Norman Wilson wrote:
William Pechter:
VMS source fiche was very common of sites owned by large corporations.
Their IT staff used it to research bugs... and as sample code for
writing their own drivers etc...
=====
Indeed, I used the VMS source microfiche to learn how to
handle various sorts of errors (machine checks, memory
errors) better in UNIX. Stock VAX systems at the time
just crashed on any error, but it turned out that many of
them admitted recovery: some errors were transient,
others could be ridden over by disabling some piece of the
hardware.
This led to an amusing event on the VAX-11/750 that at the
time handled e-mail as uucp node research!. (Its internal
name on our datakit node was grigg.) People noticed that
the system was running slowly.
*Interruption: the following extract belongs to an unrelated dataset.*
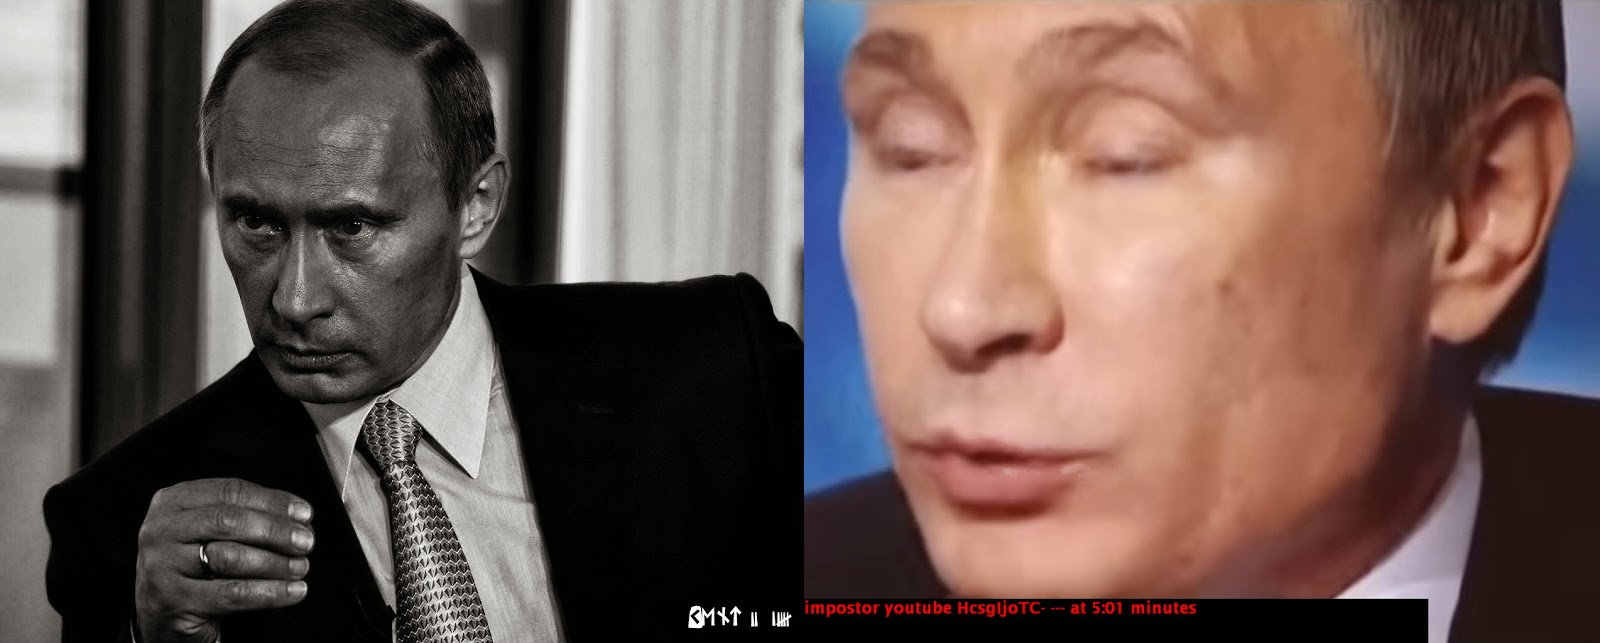 real+Putin+vs+impostor+in+youtube.jpg

I checked and discovered
that the CPU itself seemed to be a bit slower. Then I
checked logs and discovered that a week earlier, there had
been a cache error; my new recovery code had turned off
the failing half of the cache, logged the error, and forged
ahead.
o
At the next convenient time, we took the system down and ran
DEC's standalone diagnostics. (Contrary to the rude stories
one hears, those diags were in fact pretty thorough.) The
problem didn't show up, so we booted grigg back up again,
secure in the knowledge that if the problem was persistent,
my code would let us know without crashing. (I don't think
it ever showed up again.)
We also learned to pay more attention to console messages!
Norman Wilson
Toronto ON
DEC's later diagnostics were excellent. They were copied by a ton
of folks
including Masscomp and Alliant who wrote frighteneningly similar
diagnostic supervisors.
The thing about that is it had a big impact on servicability for those
companies.
1. They had a large number of Field Engineers in the world with DEC
experience who could
come up to speed quickly.
2. The diagnostics were easy to learn.
Of course the reason they looked like the DEC ones was that ex-DEC
software engineers
and programmers wrote them.
Concurrent Computer's diags looked very similar to the load and run
stuff of XXDP which
required a lot of knowledge of each diag and it's options. They were
often called the
"No problem found tape" by Field Service -- because the diags would not
find any issues
and the OS running with full interrupt driven OS's would roll over on load.
On the PDP11 there was XXDP's DEC/X 11 system exerciser... On VMS there was
UETP and just looking at the errorlog output. The only Unix that came
close to
the VMS errorlog in my experience was the errorlogging on AIX was excellent.
Bill
--
Digital had it then. Don't you wish you could buy it now!